Certainly, we all want to avoid the maladjusted life. In order to have real adjustment within our personalities, we all want the well‐adjusted life. … But there are certain things in our nation and in the world [to] which I am proud to be maladjusted and which I hope all [people] of good‐will will be maladjusted until the good society is realized. I say very honestly that I never intend to become adjusted to segregation and discrimination. I never intend to become adjusted to religious bigotry. I never intend to adjust myself to economic conditions that will take necessities from the many to give luxuries to the few. I never intend to adjust myself to the madness of militarism [and the] self‐defeating effects of physical violence… In other words, I’m about convinced now that there is need for a new organization in our world. The International Association for the Advancement of Creative Maladjustment — men and women who will be as maladjusted as the prophet Amos, who in the midst of the injustices of his day could cry out in words that echo across the centuries, “Let justice roll down like waters and righteousness like a mighty stream.”[6]
When our institutions have adjusted themselves to a banal barbarism and the idolatry of isolationist self-love, the advancement of creative maladjustment is the faithful, the hopeful, and, yes, the loving, response. It is our insurrection against the reign of death, in the name of Jesus.

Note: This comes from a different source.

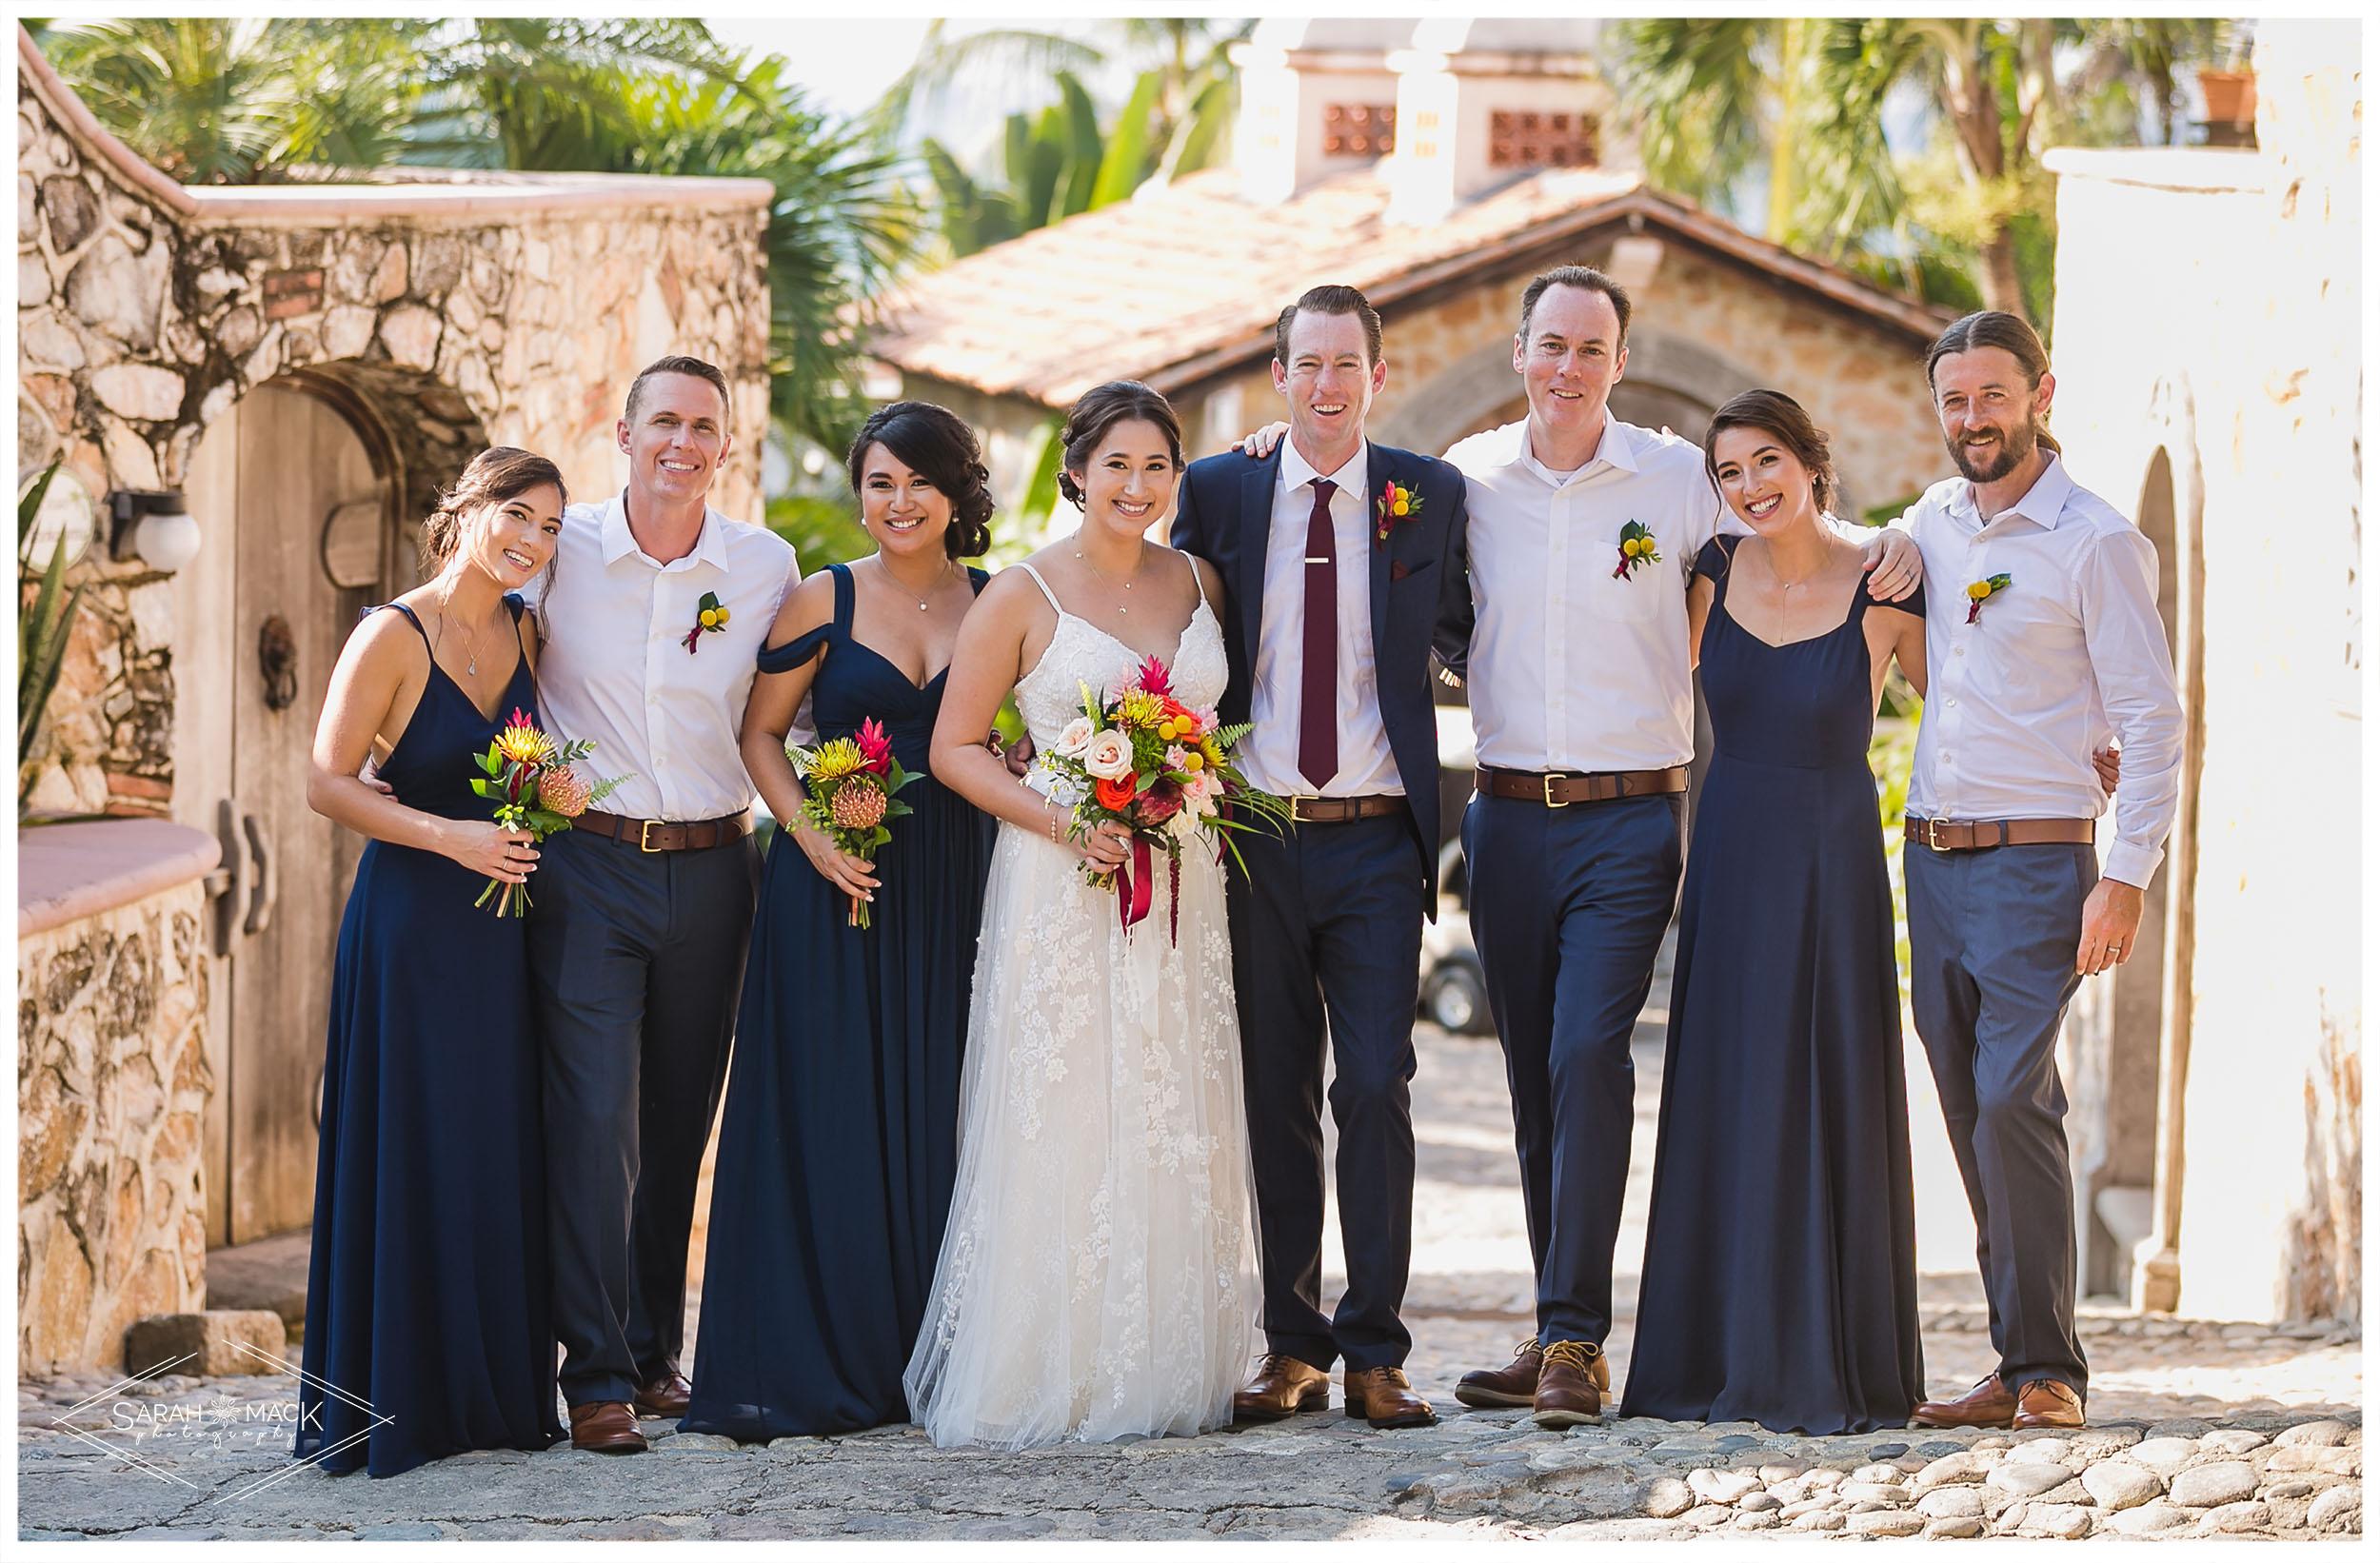 ES-Flor-de-Playa-Sayulita-Wedding-Photography-22.jpg

[1] https://www.nytimes.com/article/mass-shootings-2021.html
[2] https://www.nytimes.com/live/2021/04/16/us/indianapolis-fedex-shooting
[3] Charles Blow https://www.nytimes.com/2021/04/14/opinion/us-police-killings.html
[4] When Jesus Came to Harvard: Making Moral Choices Today (Boston: Houghton Mifflin, 2004), 273-274.
[5] Ibid., 274.
[6] Excerpt from a speech at Western Michigan University on Dec 18, 1963. Dr. King frequently repeated the theme of “creative maladjustment” in speeches and sermons.